Friday, 23 August 2013

Damn Fish!!!!

Sometimes you just want to say “Bugger!!” at the top of your voice, and this afternoon I did it, twice.

I finished work early at around 11am, headed to Tithe Barn and after parking next to just the one car in the layby I made my way along the path and to the top pond. At the head of the pond is the weedy end, and in gaps in the weed I spotted a few carp moving around. The wind was heading for me quite strongly and pretty much every cast I made (free-lined crust) went wayward. The ones that did stay on course resulted in the fish moving of course before I could drag the bait back. So, with all that and the added bonus of a mother mallard and six ducklings scurrying around all over the place, the first part didn’t go too well. But there’s always the middle pond.

The middle pond had three bivvies on the left hand bank but the head of the pool was free and after standing like a heron for a few minutes I was exciting to see a couple of fish to cast at. The first three casts I made were perfect and each resulted in the carp sucking in the hook-bait, but for some unknown reason I managed to miss each strike. The last one looked a bit special, the coloured water meant I couldn’t see properly, but I was sure it was a fully scaled mirror. I made the cast and waited a little longer for the fish to take the crust in properly,  it did and when I struck I felt an immense lunge on the rod tip.

The fish felt a god one and certainly knew how to call the shots where weed was concerned, but I was starting to get the upper hand and as the fish rolled two rod lengths out I was stunned by the sheer beauty of it. A big plated mirror of around 20lbs was boring away into the weed head down and tail waving. I reached for the net just as the hook slipped and the rod flew back over my shoulder. I threw the rod into the reeds in disgust and stomped off up the bank muttering a few unpleasant words. That loss hurt, a lot.

I stood a while longer but failed to spot anything so I had a quick fruitless peek into the bottom pond and returned to the top pond for one last try. The head of the pond was now being stalked by another angler so I concentrated on the dam end near a snaggy bush. There were ripples coming from under it and after watching a while I was certain they were carp. The trouble was, the bush was just out of casting range, unless I hooked a massive crust and dipped it, but then the carp had trouble taking it, and at that range I couldn’t see properly whether it was gone or not. God I wish I’d had some babybell wax with me.

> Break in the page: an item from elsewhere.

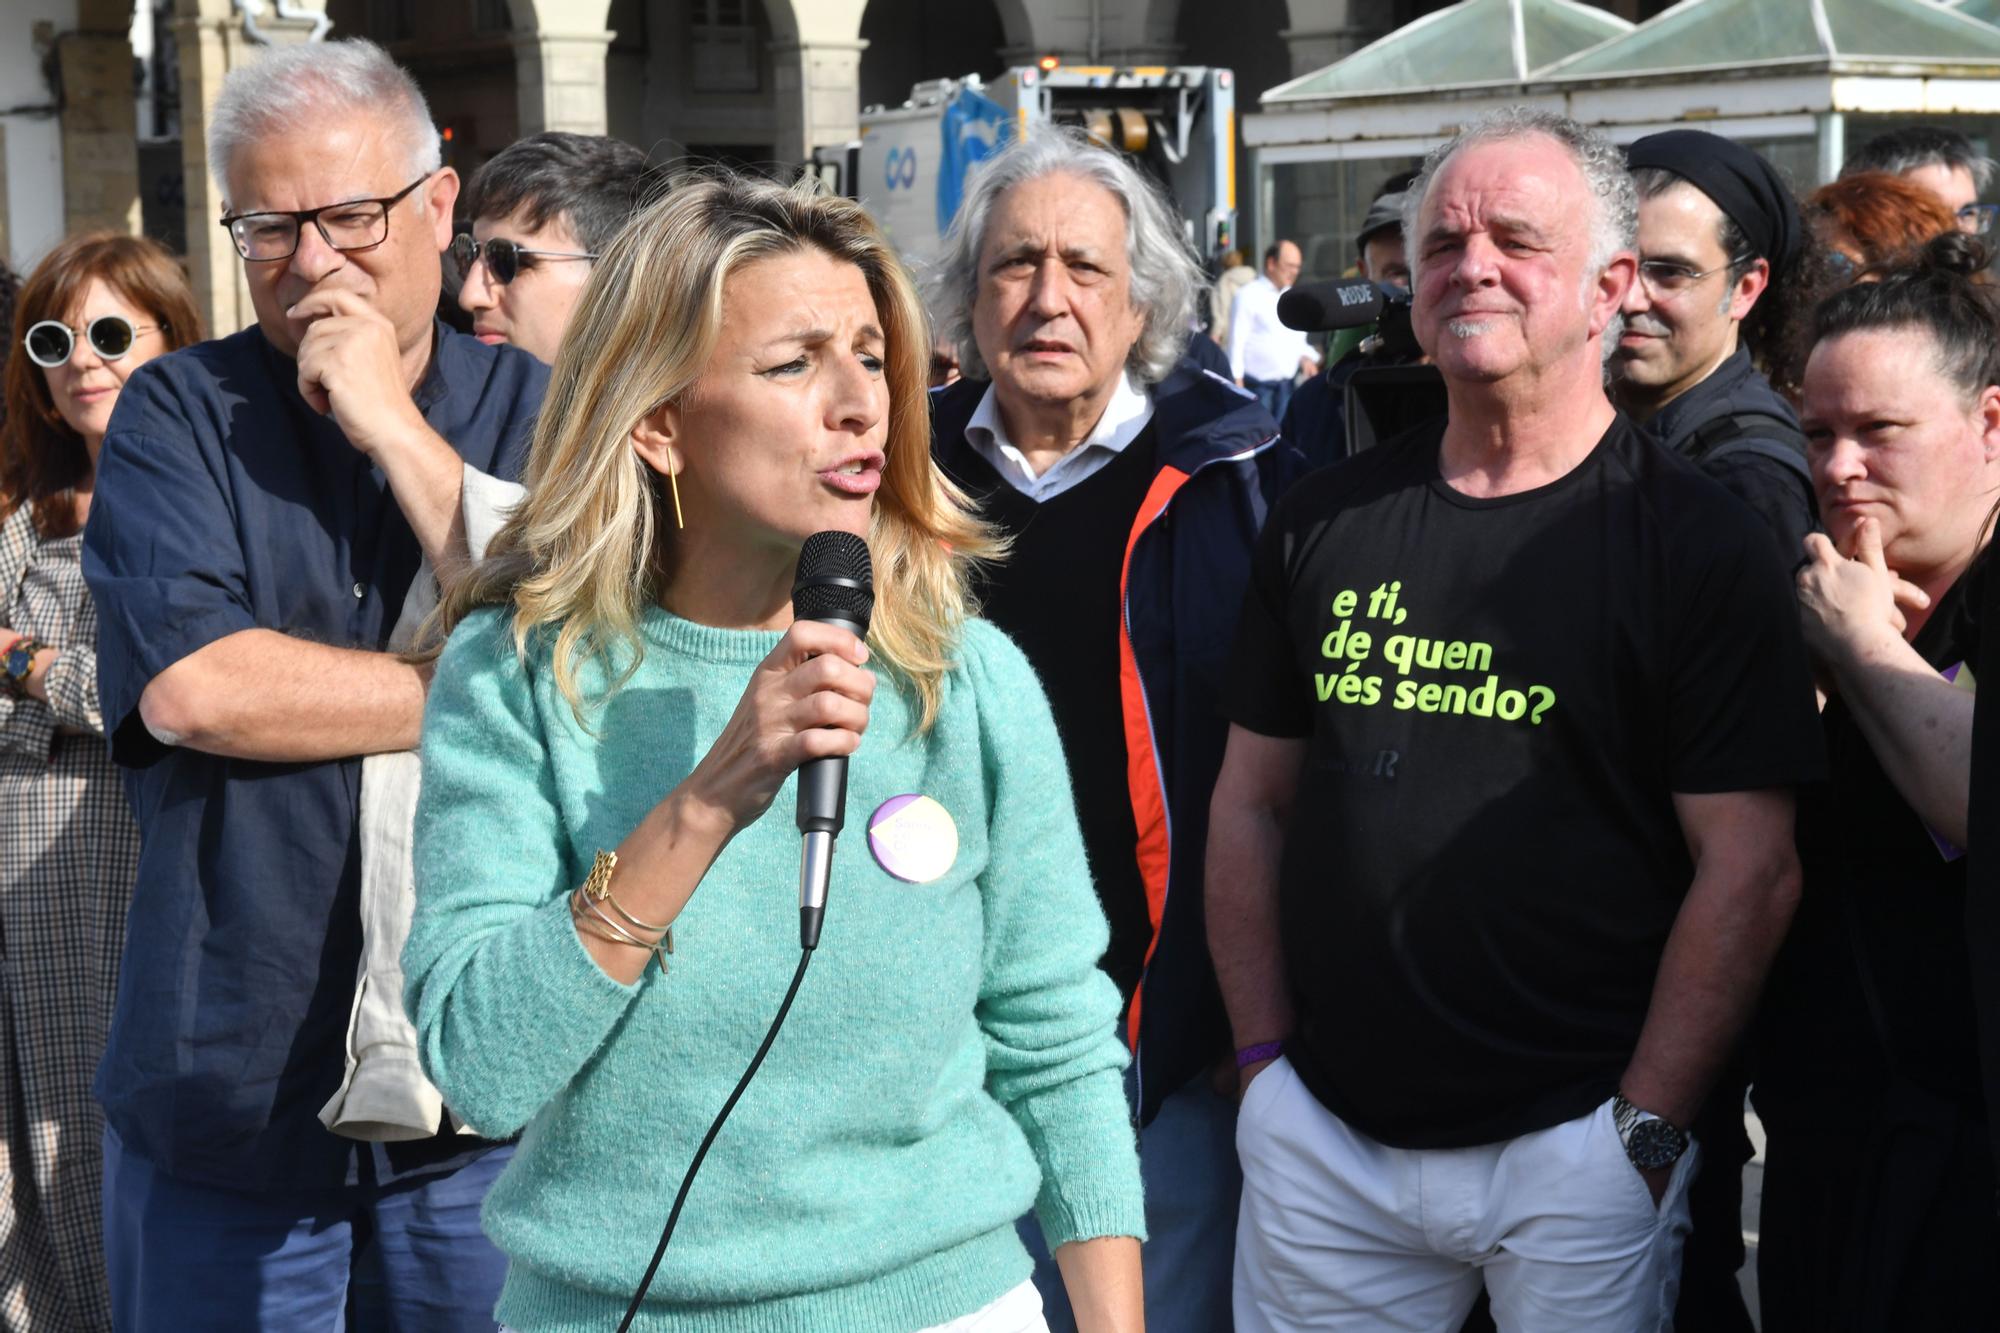 Visita de Yolanda Díaz para apoyar Por Coruña, la formación que encabeza José Manuel Sande

So, a larger crust was chanced which landed a few inches off the bush. I looked at my watch and realised I’d have to be getting off in ten minutes, look struck, hoping the fish had the bit with the hook in its mouth and was soon old it was when line started to pour from the 300, and pour very fast. I held on trying to apply as much pressure as possible in the hope of slowing it down, this end of the lake is clear apart from the iron bar ad snaggy bush on the dam margin, but it isn’t too far until you reach the head of the pool and lots of weed.

Moving three swims to my right, lifting the rod high over four short trees to keep the angle, I eventually found myself winding like mad to keep up with the fish, it was headed right for me. When  made contact again it was headed back to the right and as I had so much line out I just couldn’t stop it getting dangerously close to the snaggy bush, that’s when the hook slipped out and my world came crashing down. The rod was once again thrown into the reeds and with my head in my hands I stormed along the bank muttering more choice words, I actually think I may have scared the other angler a little in doing so.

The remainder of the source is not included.